■ INSTRUCTIONS TO FOLLOW ■
The output is the line containing "Raf Simons Raf" plus every later line down to the end of the listing below, copied exactly. No pictures belong in it.

■ EXERCISE MATERIALS ■
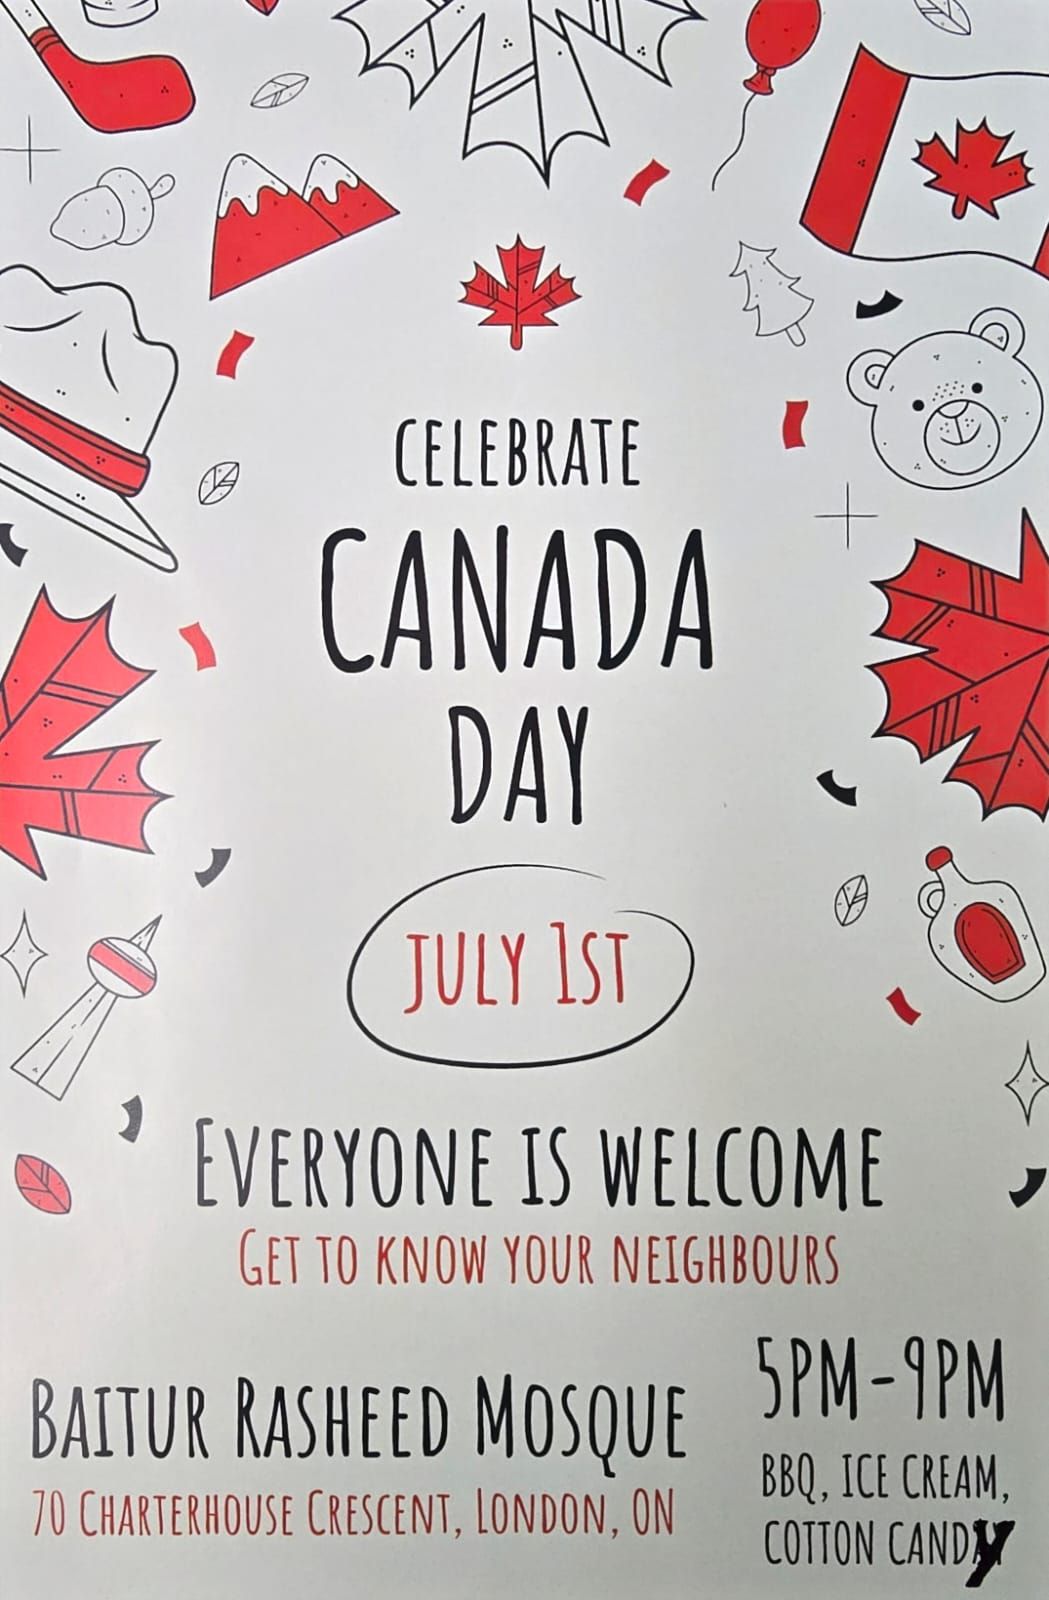 AMJ celebrates Canada Day
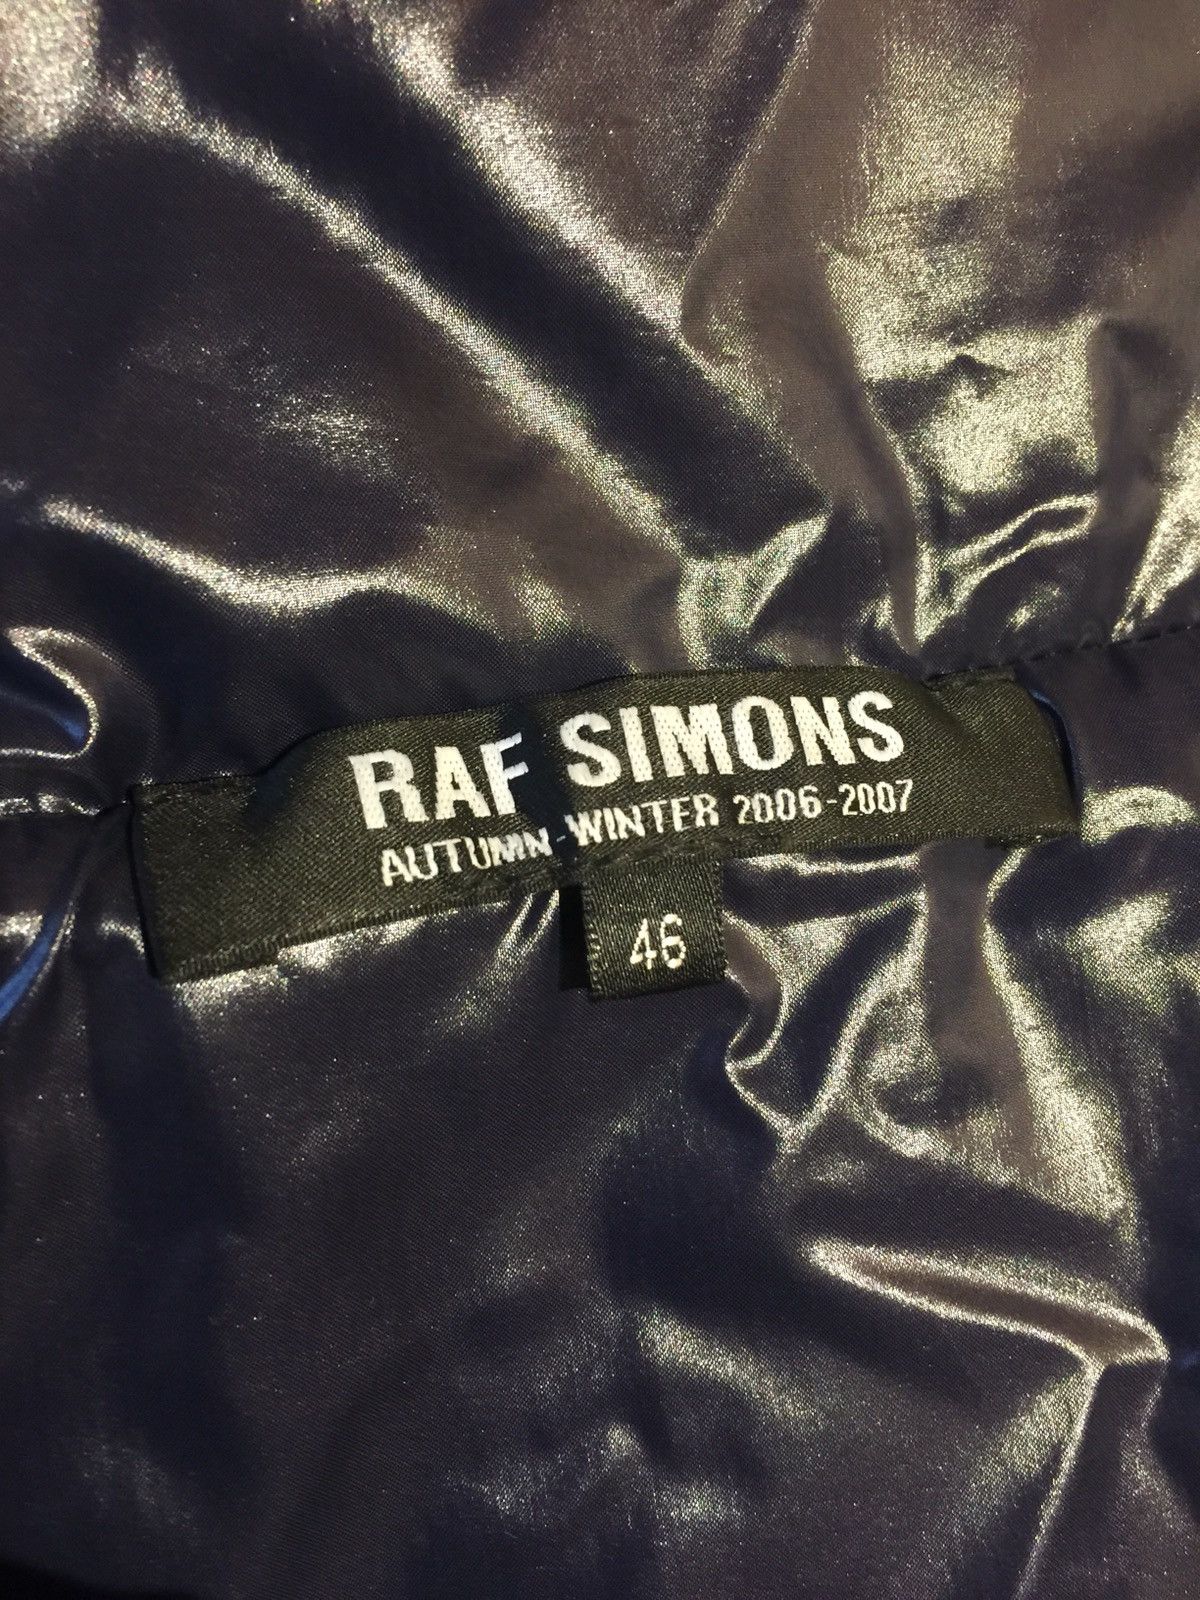 Raf Simons Raf Simons 2006-2007 Archival 2 Way Alien Puffer Jacket Size US S / EU 44-46 / 1 - 9 Thumbnail
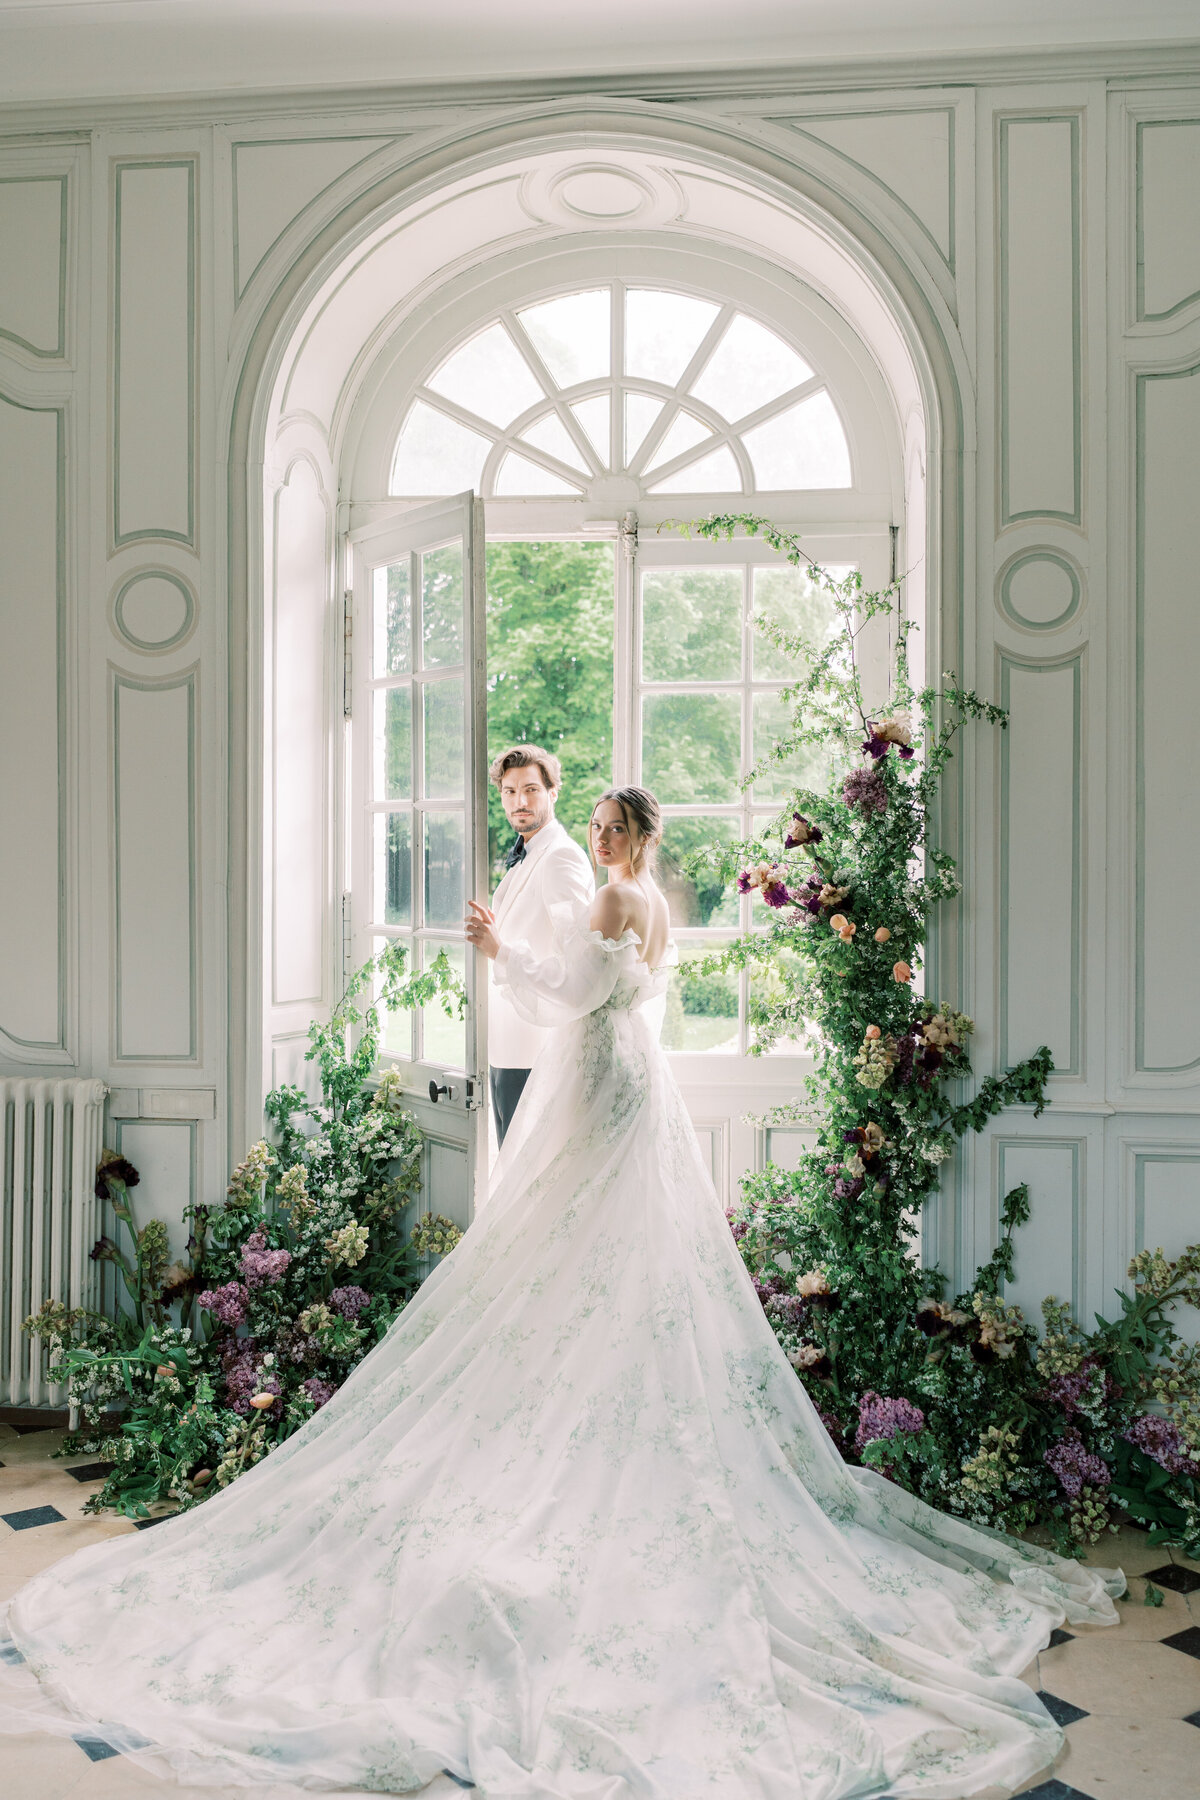 Sarah Rae Floral Designs Wedding Event Florist Flowers Kentucky Chic Whimsical Romantic Weddings28
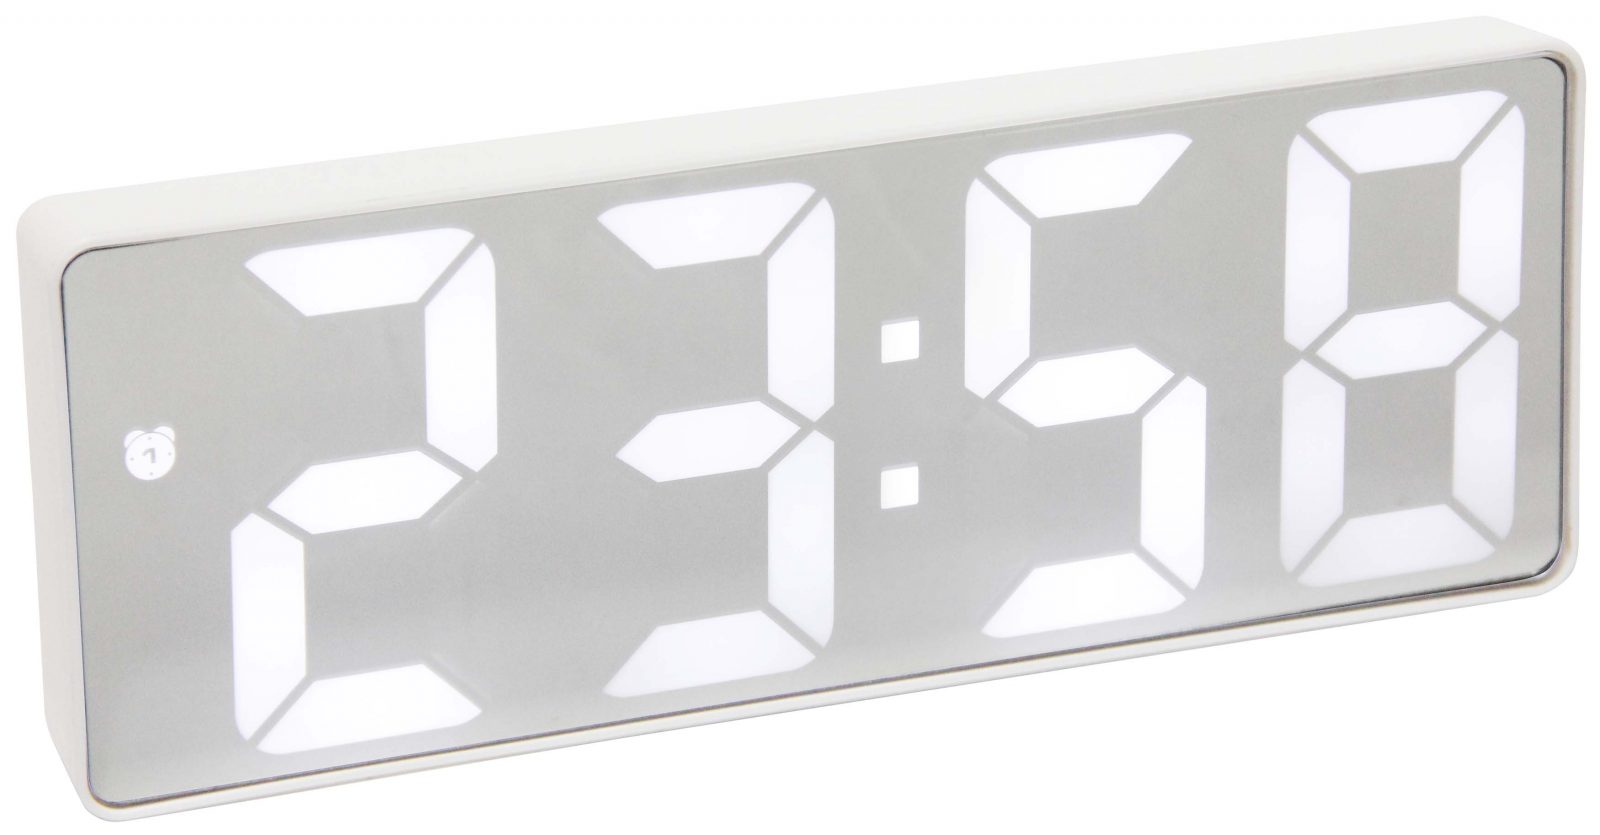 white digital clock
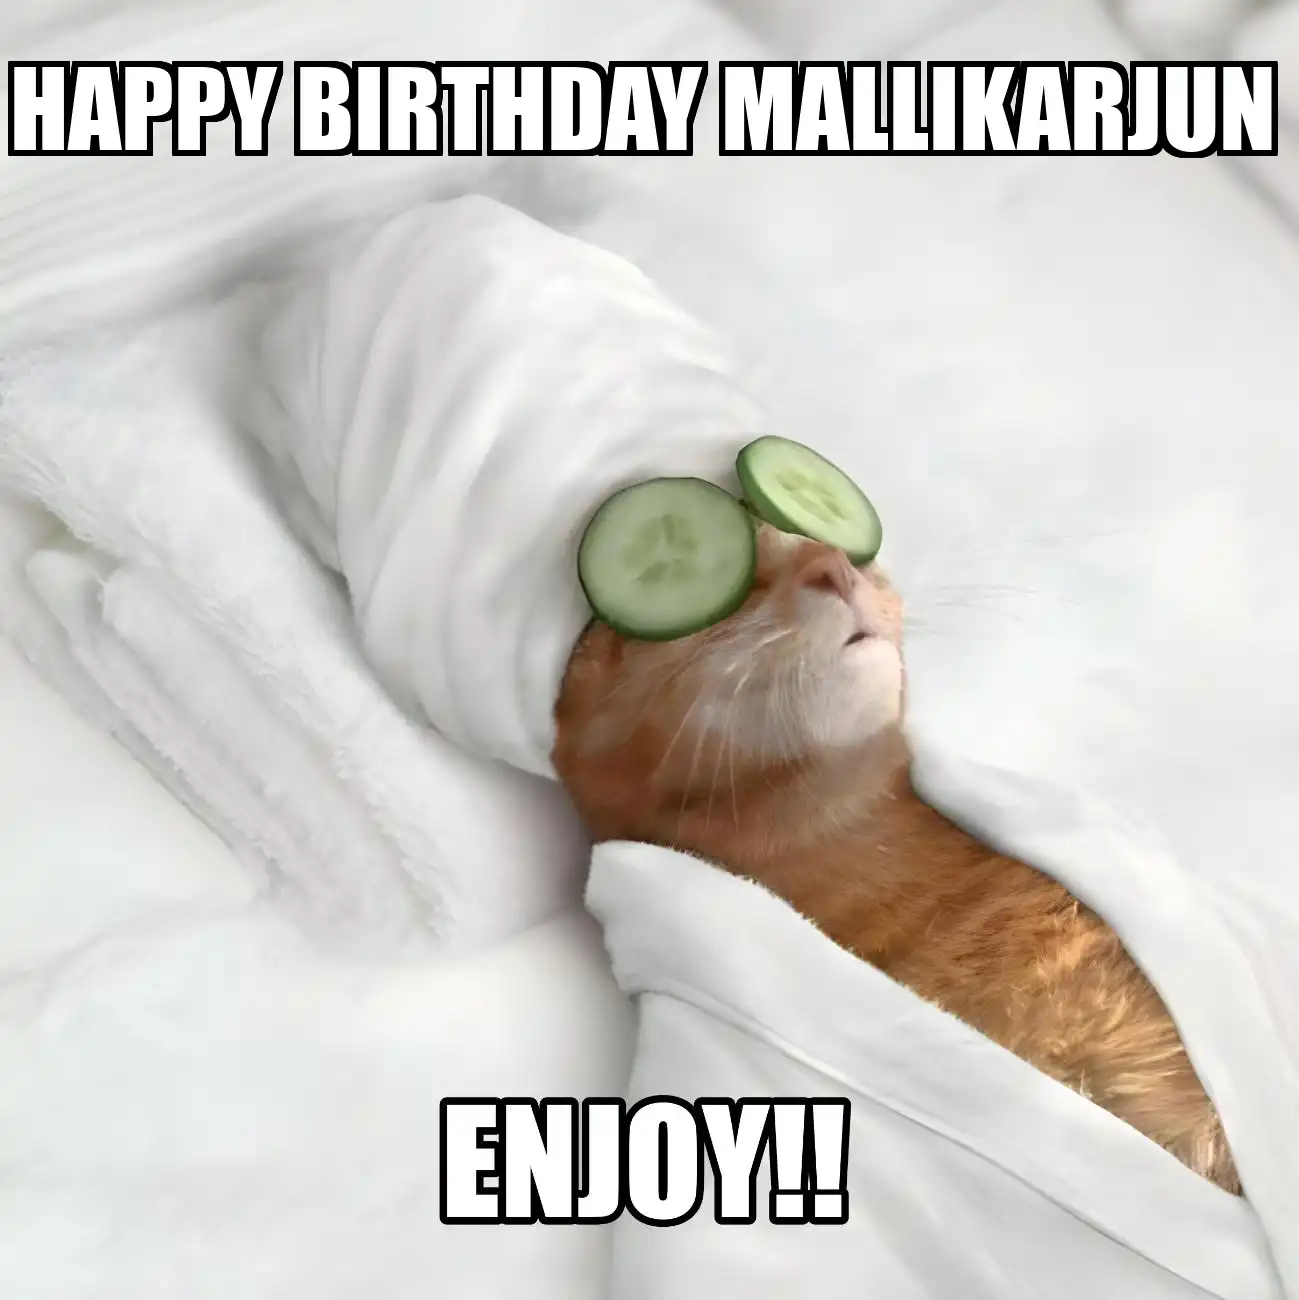 Happy Birthday Mallikarjun Enjoy Cat Meme

■ RESULT OF THE TASK ■
 Raf Simons Raf Simons 2006-2007 Archival 2 Way Alien Puffer Jacket Size US S / EU 44-46 / 1 - 9 Thumbnail
 Sarah Rae Floral Designs Wedding Event Florist Flowers Kentucky Chic Whimsical Romantic Weddings28
 white digital clock
 Happy Birthday Mallikarjun Enjoy Cat Meme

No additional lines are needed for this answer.